Thanks for working on this patchset! I'm glad to see that you and others are
working on this and the code in OpenSSL. And thanks for running all the kernel
crypto self-tests and verifying that they pass.

I'm still a bit worried about there being two competing sets of crypto
extensions for RISC-V: scalar and vector.

However the vector crypto extensions are moving forwards (they were recently
frozen), from what I've heard are being implemented in CPUs, and based on this
patchset implementations of most algorithms are ready already.

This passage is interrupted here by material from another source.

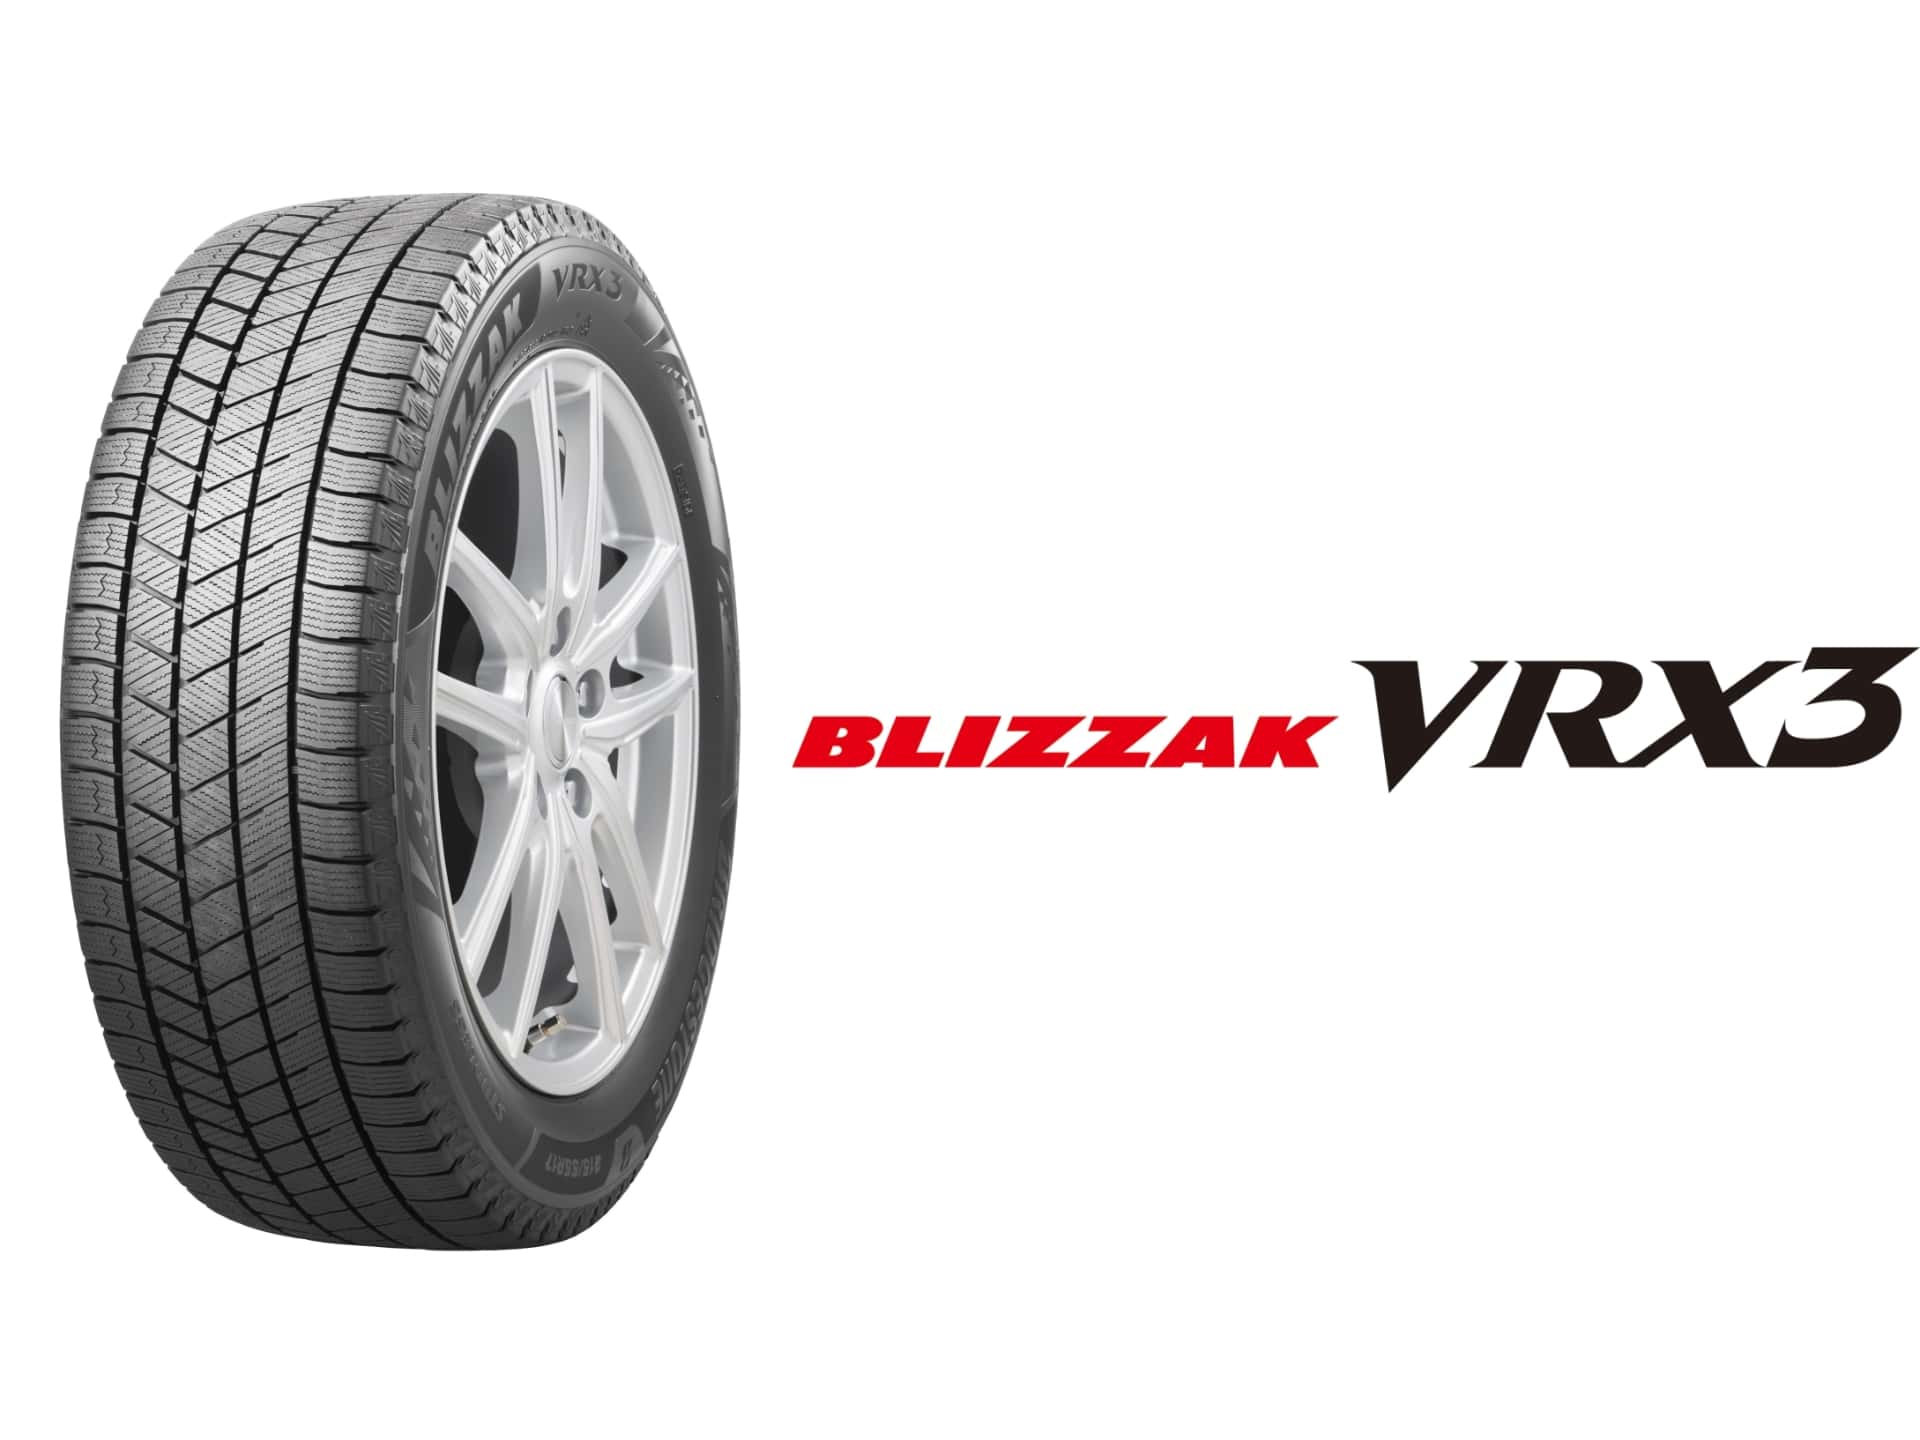 ブリヂストン スタッドレスタイヤ「ブリザック VRX3」新発売 氷上性能

So I'm wondering: do you still think that it's valuable to continue with your
other patchset that adds GHASH acceleration using the scalar extensions (which
this patchset is still based on)?

I'm wondering if we should be 100% focused on the vector extensions for now to
avoid fragmentation of effort.

It's just not super clear to me what is driving the scalar crypto support right
now. Maybe embedded systems? Maybe it was just a mistep, perhaps due to being
started before the CPU even had a vector unit? I don't know. If you do indeed
have a strong reason for it, then you can go ahead -- I just wanted to make sure
we don't end up doing twice as much work unnecessarily.

- Eric

2023-09-14 00:12:35

by Eric Biggers

[permalink] [raw]
Subject: Re: [PATCH v4 00/12] RISC-V: support some cryptography accelerations

On Tue, Jul 11, 2023 at 05:37:31PM +0200, Heiko Stuebner wrote:
> From: Heiko Stuebner <[email protected]>
>
> This series provides cryptographic implementations using the vector
> crypto extensions.
>
> v13 of the vector patchset dropped the patches for in-kernel usage of
> vector instructions, I picked the ones from v12 over into this series
> for now.
>
> My basic goal was to not re-invent cryptographic code, so the heavy
> lifting is done by those perl-asm scripts used in openssl and the perl
> code used here-in stems from code that is targetted at openssl [0] and is
> unmodified from there to limit needed review effort.
>
> With a matching qemu (there are patches for vector-crypto flying around)
> the in-kernel crypto-selftests (also the extended ones) are very happy
> so far.

Hi Heiko! Are you still working on this patchset? And which of its
prerequisites still haven't been merged upstream?

- Eric

2023-10-06 19:47:55

by Eric Biggers

[permalink] [raw]
Subject: Re: [PATCH v4 00/12] RISC-V: support some cryptography accelerations

On Fri, Sep 15, 2023 at 11:21:28AM +0800, Jerry Shih wrote:
> On Sep 15, 2023, at 09:48, He-Jie Shih <[email protected]> wrote:
>
> > On Sep 14, 2023, at 09:10, Charlie Jenkins <[email protected]> wrote:
> >
> >> On Wed, Sep 13, 2023 at 05:11:44PM -0700, Eric Biggers wrote:
> >>> On Tue, Jul 11, 2023 at 05:37:31PM +0200, Heiko Stuebner wrote:
> >>>
> >>> Hi Heiko! Are you still working on this patchset? And which of its
> >>> prerequisites still haven't been merged upstream?
> >>>
> >>> - Eric
> >> It is my understanding that Heiko is taking a break from development, I
> >> don't think he will be working on this soon.
> >
> > We would like to take over these RISC-V vector crypto implementations.
> > Our proposed implementations is under reviewing in OpenSSL pr.
> > And I will check the gluing parts between Linux kernel and OpenSSL.
>
> The OpenSSL PR is at [1].
> And we are from SiFive.
>
> -Jerry
>
> [1]
> https://github.com/openssl/openssl/pull/21923

Hi Jerry, I'm wondering if you have an update on this? Do you need any help?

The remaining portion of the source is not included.